Credit: Boodle Mcdougall Photography
There is another pandemic happening alongside Corona. Insomnia. This dreaded affliction is also being called ‘Coronasomnia’ by someone who obviously hasn’t had enough sleep to think of a better name. I would have gone for ‘Coronawake’, but I haven’t had much sleep either.
According to a 2020 study by Southampton University, the UK used to have 1 in 6 people experiencing insomnia, but now a quarter of all people experience this wretched thing. That’s a big leap, which I find particularly concerning as our house seems to have 80 per cent of us awake at any one time, (that was a complicated calculation on so little sleep). Percentages aside, four of us are usually wandering the corridors, climbing in and out of beds, or weeing on the floor next to the toilet, between the hours of 10pm-5am.
I feel as if we don’t need the worries of a global pandemic to add to the reasons we don’t sleep, but Mayhem and I had a most alarming conversation on the way back from football one Saturday.
‘Mummy I really want to be nocturnal.’
‘Yes I’ve noticed’ I say through a deep yawn.
‘So I’m practising sleeping at school so I can stay awake at night.’
‘What?!’ I am jolted from my misty thoughts.
Spurred on by the realisation he has my rare, undivided attention Mayhem nods excitedly. ‘Yes, so what I do is, I go to sleep in break times so I can stay awake all night.’
I feel a strange feeling in my throat, as if an invisible hand is squeezing it. ‘Where do you sleep at break times?’ I croak.

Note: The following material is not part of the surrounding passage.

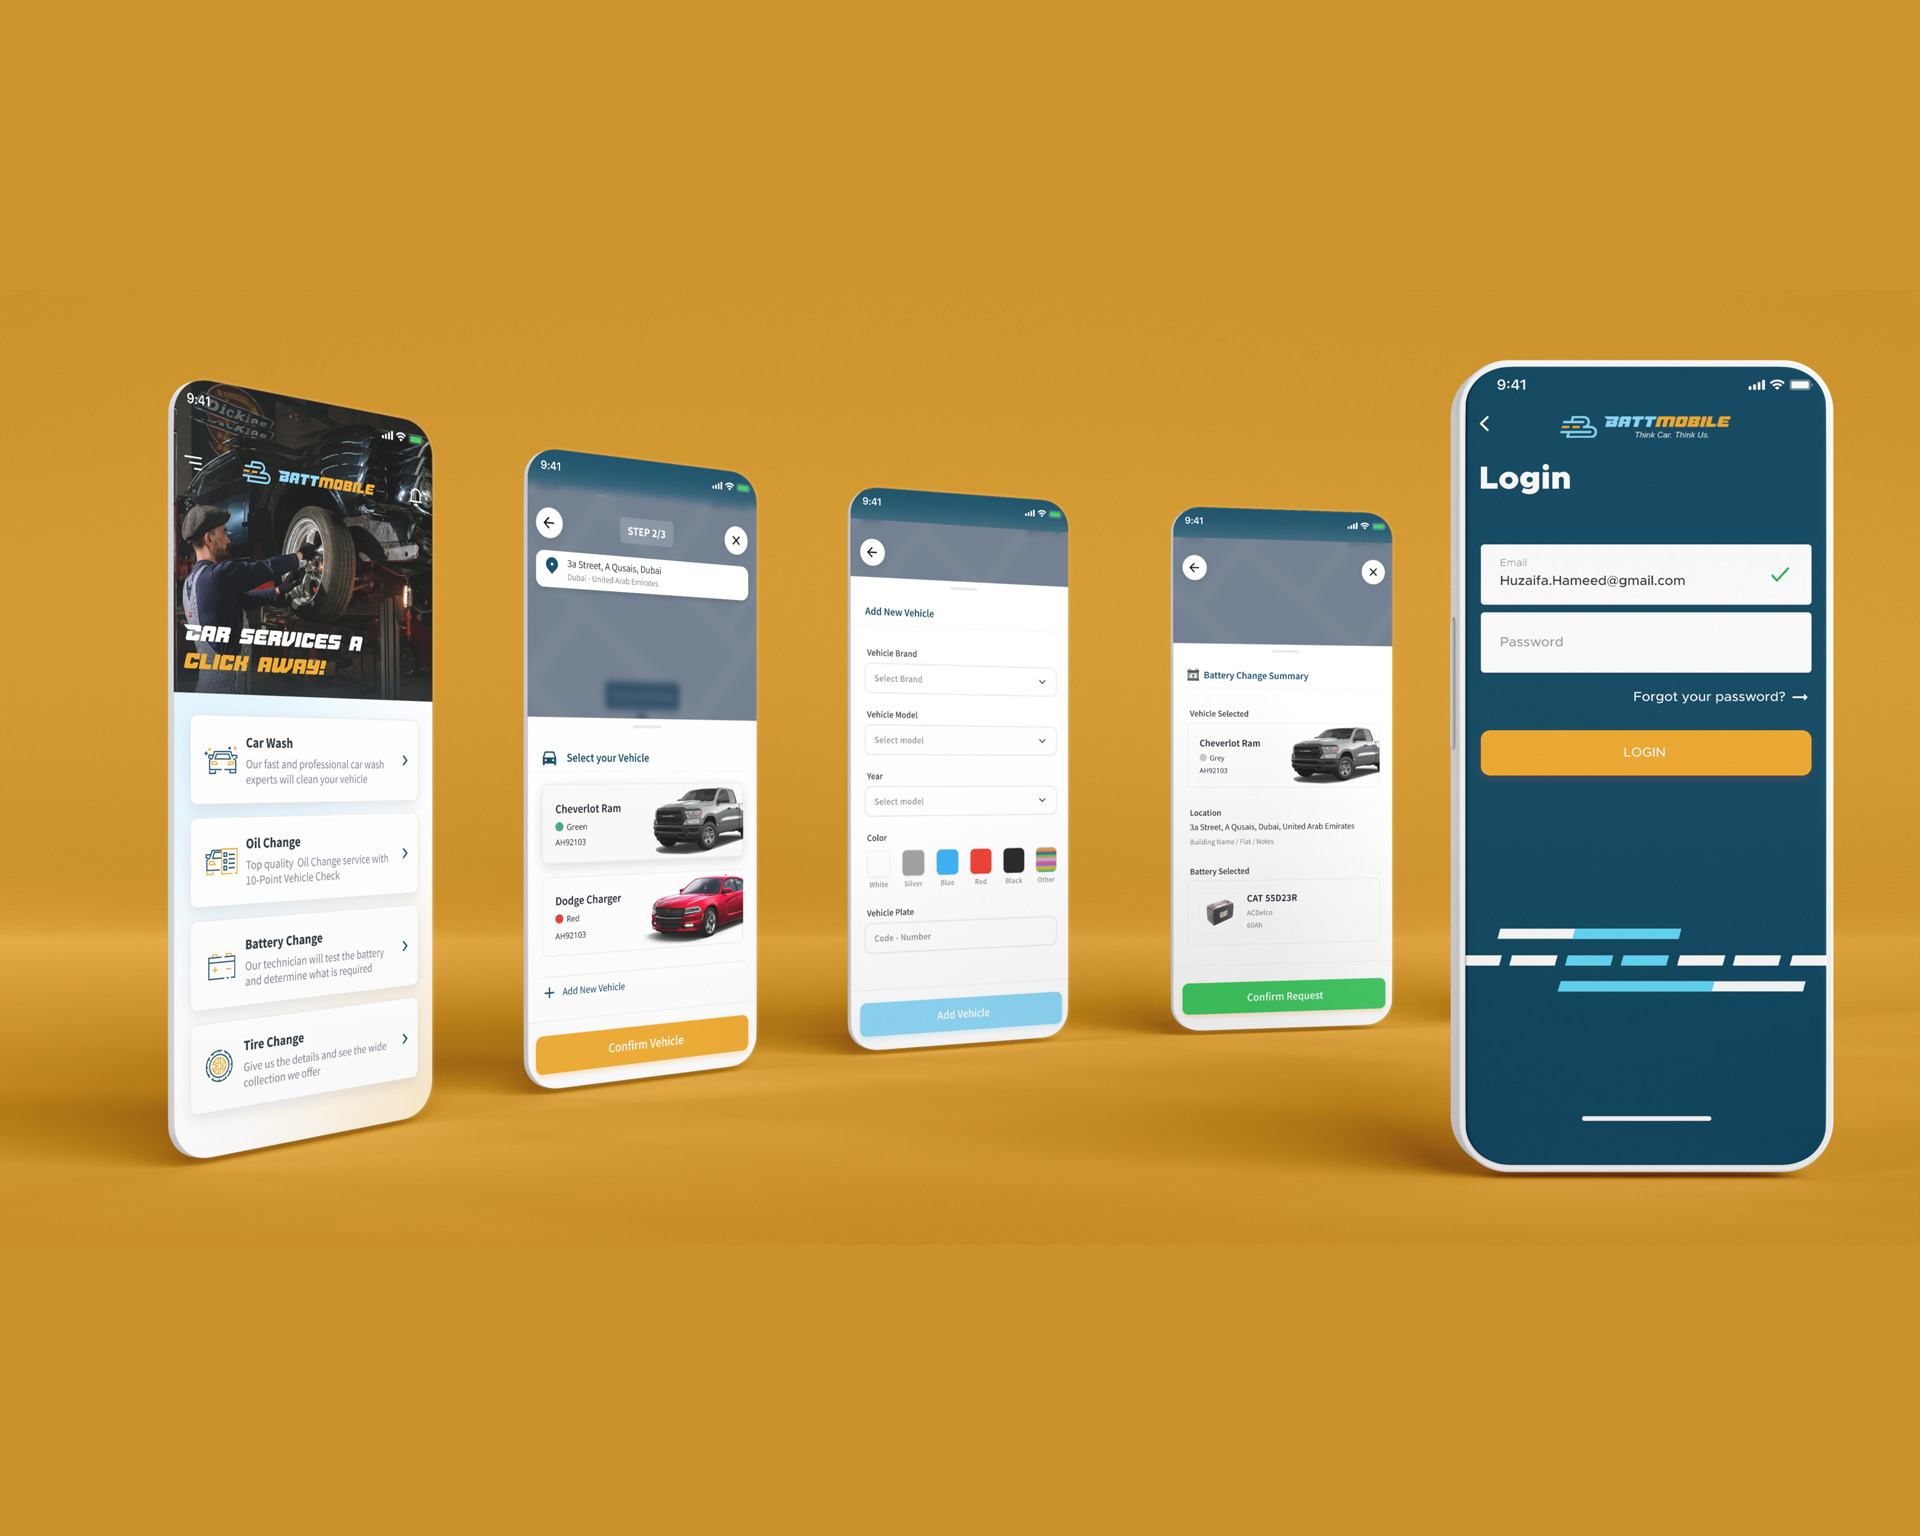 Battmobile app screens

‘Well in the bike shed where they keep the tricycles. I just lie down and it’s all quiet and no one goes in there.’
I relay this information to my husband.
‘Well that explains why Mayhem is up. But what about the rest of us. We know Milk is scared of killer robots and Midnight has to be within 1m of you at all times, and I wake every day at 4.30am wondering if I will ever go snowboarding again. What are you worried about?’
I think of the list of things I am worried about. ‘I’ll put the kettle on’ I say.
‘I don’t think caffeine is going to help this particular situation.’ says my husband.
‘Then we all need to get outside,’ I say jumping up. ‘To the beach!’
‘But Midnight will fall asleep in the car and then be in a really bad mood when we get there and then not go to sleep tonight.’
‘He doesn’t sleep at night anyway’ I say.
We drive to the beach. Midnight falls asleep on the way. When we arrive he screams for the first half an hour as the wind rushes across his sleep-crumpled face.
My husband looks miserable, holding Midnight, as I throw stones with Milk.
‘Mummy I can hit that wave’, Milk stretches his arm and flings the stone but instead of going forwards it hurtles sideways towards someone’s dog.
‘Throw underarm,’ I suggest as we hear a yelp.
Eventually Midnight wants to join in and runs in and out of the February sea until he has sucked up all of the water into his clothes and his nappy hangs like a saddlebag between his legs.
Milk has made a dam out of pebbles and Mayhem is throwing a shell into the sea and then squealing with amazement when it returns to him.
My husband and I manage to have a hug and a moment standing still buffeted by the wind, until I nod towards Midnight.
‘I’m doing a poo mummy’ he announces, his face turning a bright red as he concentrates.
I realise the weight of the sea water combined with a large poo is unlikely to end well. My husband has the same thought.
‘Did you bring the nappies?’ He says casually.
‘Did you?’ I reply.
Everyone sleeps through that night. Except for me, wondering how I can buy a house by the sea, or fill our garden with pebbles, sea shells and a wave machine.